For the second year in a row, Stout supported students with their applied research projects in collaboration with Bayes Business School. Student Guillaume Debief authored “High Interest Rates and Their Impact on European M&A Activity.”
Stout played a pivotal role in these projects by offering support and direction for the students’ applied research projects, providing valuable feedback from an industry perspective, and facilitating access to databases essential for research.
Further, Stout provided comprehensive guidance on the structure of the project throughout its drafting stages and assisted in ideation. The two students were also given the opportunity to engage in learning experiences with senior bankers during their visits to the office. The supervision for the students was provided by Sonia Falconieri, the Professor of Finance and Head of the Faculty of Finance at Bayes Business School, and Damian Sebastian Serwin, an Associate at Stout’s London Office.
A summary of the paper is provided below.
Key Takeaways
- Deal Volume: European M&A transactions showed slight growth, with notable variations by country and industry.
- Deal Value: Average deal values declined in the high interest rate period, highlighting tighter financing conditions and significant outliers.
- Industry Focus: Key industries, including technology and healthcare, dominated M&A activity, showing resilience despite economic challenges.
- Economic Factors: High interest rates and macroeconomic uncertainty influenced the size, structure, and frequency of deals.
Navigating M&A in a High-Interest Environment
The European M&A market has demonstrated resilience amid sustained high interest rates. Between May 2019 and December 2023, deal activity across ten European countries revealed shifts in both deal volume and value, driven by tighter monetary conditions and sector-specific dynamics.
Understanding these changes provides crucial insights for investors and dealmakers navigating an evolving economic landscape.
Deal Volume Across Countries
From May 2019 to September 2021, the dataset recorded 1,163 deals. This number rose modestly to 1,175 in the following period (October 2021 – December 2023) despite a challenging financing environment.
- Geographic Leaders: Great Britain led in the number of deals, followed by Italy and France. On the other end, Belgium and Switzerland accounted for the fewest transactions.
- Country-Specific Trends: Spain and Norway experienced increased deal activity in the latter period, while Great Britain and Italy saw slight declines.
- Limitations: The data was drawn from a cleaned dataset, excluding entries with missing values. Actual figures, based on raw data, would likely be higher.
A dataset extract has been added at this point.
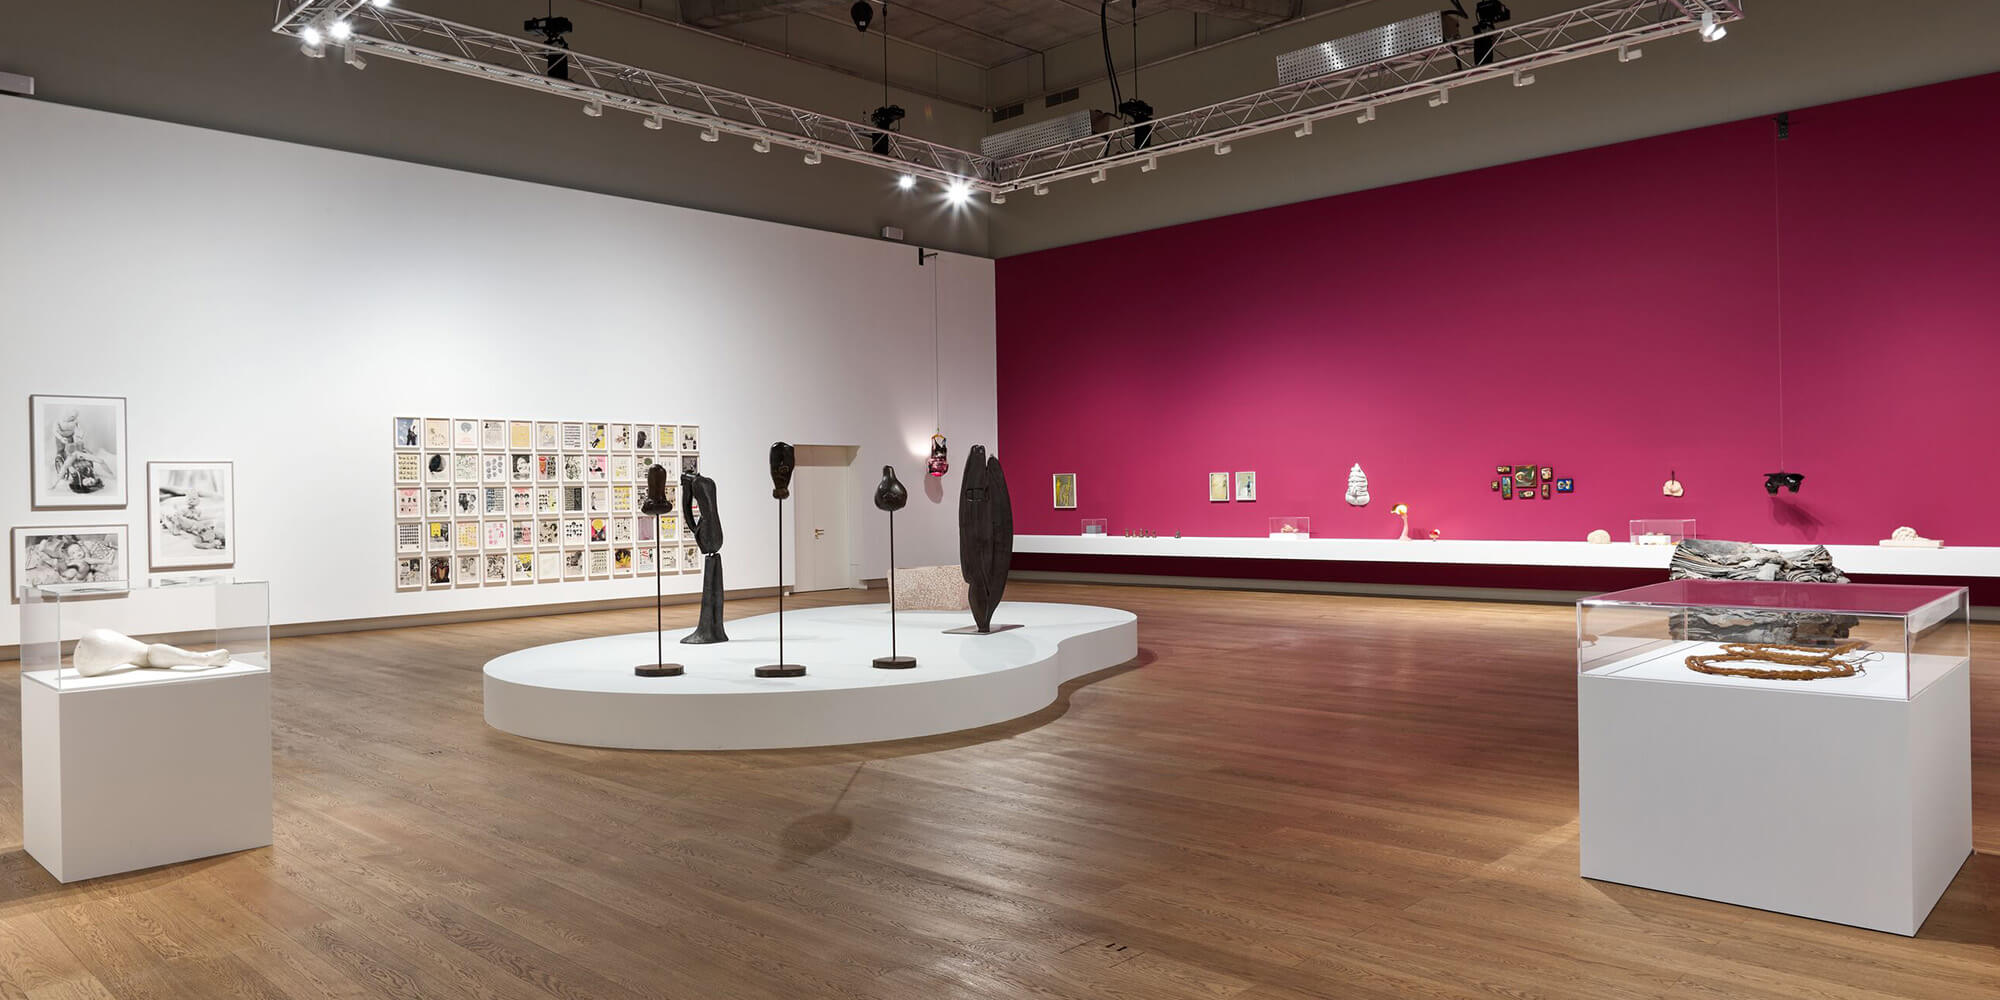 Glenstone announces Louise Bourgeois exhibit - The Washington Post

- This geographical distribution suggests that economic conditions, policy changes, and local market dynamics heavily influence deal-making patterns.
Deal Value: Trends and Insights
Deal values showed notable shifts during the high-interest-rate period.
- Declining Averages: Average deal values decreased during the second period, reflecting tighter financing and reduced investor appetite for large transactions.
- Median Stability: Median values remained consistent, emphasizing the skewness caused by outliers.
- Country Comparisons: Great Britain and Italy consistently recorded higher deal values, although their averages were influenced by a few exceptionally high-value transactions.
To address these outliers, the analysis employed logarithmic transformations, which normalized the data and improved the reliability of statistical models.
Industry Dynamics
Industries played a critical role in shaping M&A trends. The top ten industries accounted for 35% of total transactions, with technology, healthcare, and holding companies leading the charge.
- Sector Highlights: Great Britain and Italy dominated activity in the top industries, reflecting their overall M&A leadership.
- Trend Variations: The holding companies sector, for instance, showed a sharp increase in 2022 after a prolonged decline, reflecting shifting investor priorities.
These sectoral patterns underline the importance of targeting resilient and growth-oriented industries in uncertain economic times.
A Path Forward
As Europe continues to grapple with high interest rates, the M&A market reflects both challenges and opportunities. While overall deal volume remains stable, average values are declining, and industry dynamics are shifting, creating a more complex deal-making environment.
For investors, understanding these trends and incorporating them into decision-making processes is essential. By focusing on resilient industries, emphasizing synergies, and adopting flexible financing strategies, dealmakers can navigate the high-interest-rate landscape and position themselves for long-term success.